DL4 Backpropagation calculus

• Youtube: Backpropagation calculus | Deep Learning Chapter 4

Key Takeaway

• $\partial C/\partial w$ = how wrong the output is × how responsive the neuron is × how active the input was
• These three factors come from the chain rule applied along the path $w\to z\to a\to C$
• When one neuron feeds into many next-layer neurons, those contributions sum
• This chain-rule structure is the mathematical core of backpropagation

This chapter answers:

Why do the formulas in backpropagation look the way they do?
What does the chain rule actually mean inside a neural network?

Introduce

This chapter takes the intuition from DL3 Backpropagation (intuitively) and rewrites it in the language of calculus.

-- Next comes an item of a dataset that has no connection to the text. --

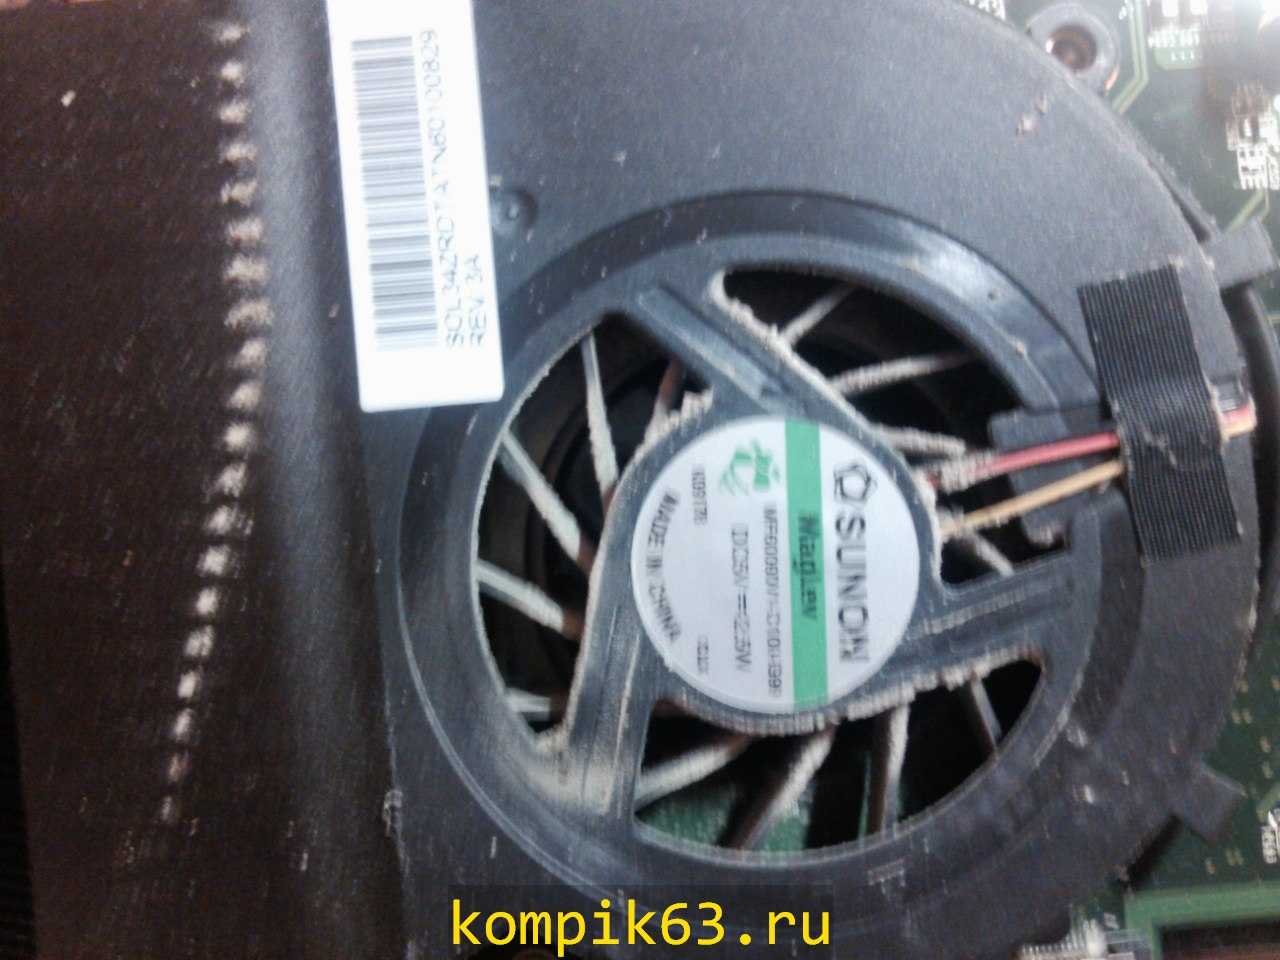 kompik63.ru-148
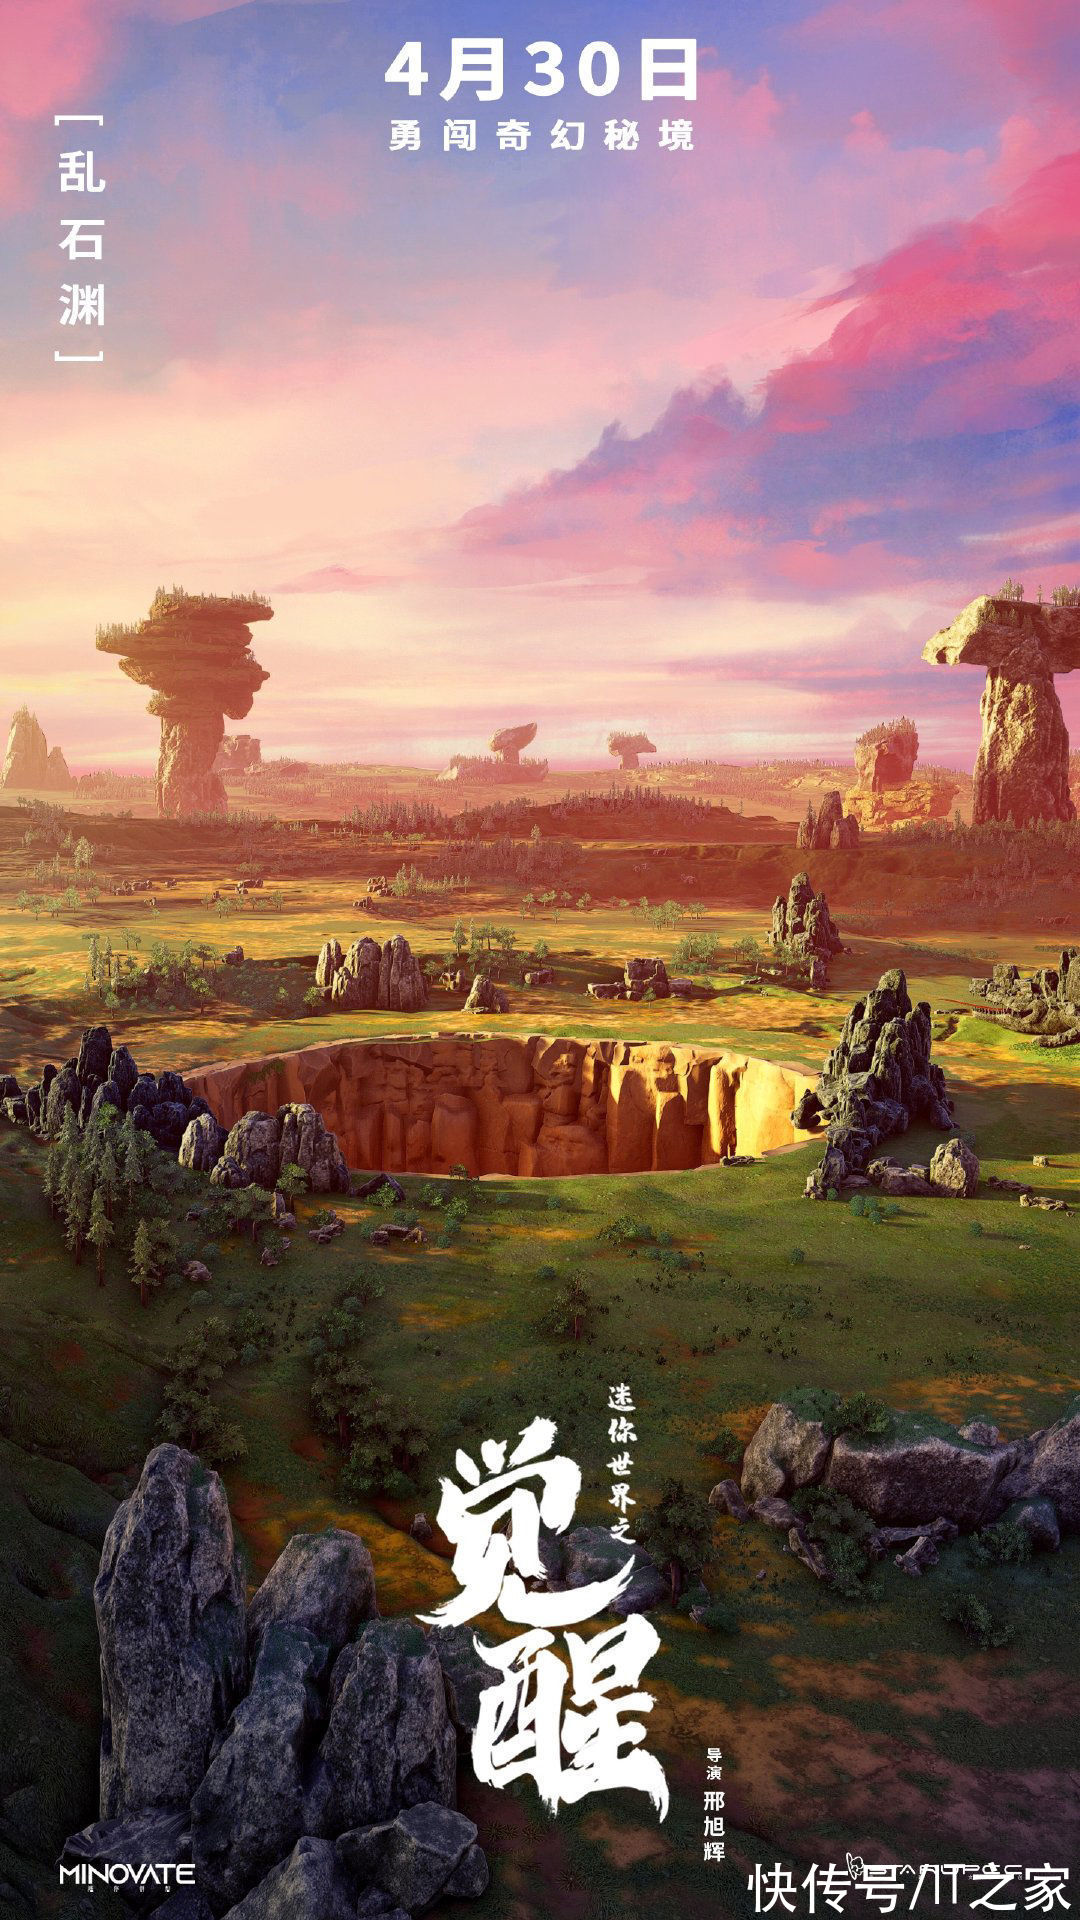 海报|首部沙盒游戏IP电影《迷你世界之觉醒》公布新海报

• Chapter 3 focuses on intuition:
  • The output layer is wrong, and responsibility is passed backward layer by layer.
• Chapter 4 focuses on formulas:
  • How to compute the partial derivatives of the cost with respect to each weight and bias.
• Core message of the video:
  • In machine learning, the chain rule is best understood as a way of tracking how influence propagates through a computation.

---

Main Idea of the Video

The chapter starts with an extremely simple network:

• one neuron per layer
• three weights and three biases in total
• attention focused only on the connection between the last two neurons

Why start with such a simple setup?

• Because the essence of backpropagation is not complicated.
• What makes it look complicated is:
  • many symbols
  • many indices
  • many dependencies across layers
• Once the chain rule is clear along a single path, the multi-neuron case is mostly the same idea with more bookkeeping.

---

Single-Neuron Version: Fix the Notation First

We look only at one neuron in the final layer. Use the following notation:

• $a^L$
  • the activation of layer $L$, the final output
• $a^{L-1}$
  • the activation of the previous layer
• $w^L$
  • the weight connecting $a^{L-1}$ to $a^L$
• $b^L$
  • the bias of the final neuron
• $z^L$
  • the weighted input, or pre-activation
• $y$
  • the target value for this training example
• $C_0$
  • the cost for this single training example

Forward computation:

$$z^L=w^L{a}^{L-1}+b^L$$ $$a^L=\sigma (z^L)$$

For a single training example, using squared error:

$$C_0=(a^L-y{)}^2$$

The key dependency chain is:

$$w^L,b^L,a^{L-1}\to z^L\to a^L\to C_0$$

So the weight does not affect the cost directly. It affects the cost only through intermediate variables.

---

What the Chain Rule Means Here

What we really want is:

$$\frac{\partial C_0}{\partial w^L}$$

This means:

• if we nudge $w^L$ a little
• how much does the cost change?

The video breaks this into three steps:

1. a small change in $w^L$ changes $z^L$
2. a small change in $z^L$ changes $a^L$
3. a small change in $a^L$ changes $C_0$

So:

$$\frac{\partial C_0}{\partial w^L}=\frac{\partial C_0}{\partial a^L}\cdot \frac{\partial a^L}{\partial z^L}\cdot \frac{\partial z^L}{\partial w^L}$$

This is the central chain-rule view behind backpropagation:

Total sensitivity = product of local sensitivities

Instead of treating it as a memorized formula, it is better to see it as:

• influence traced backward through the graph
• responsibility propagated backward through the computation

---

03:55 The Three Local Derivatives

1. Derivative of Cost with Respect to Output Activation

• From $C_0=(a^L-y{)}^2$

• we get $\frac{\partial C_0}{\partial a^L}=2(a^L-y)$

• Meaning:

  • the farther the output is from the target, the more sensitive the cost is to the output

So this term tells you: how wrong the current prediction is

• If $a^L$ is already close to $y$, this term is small.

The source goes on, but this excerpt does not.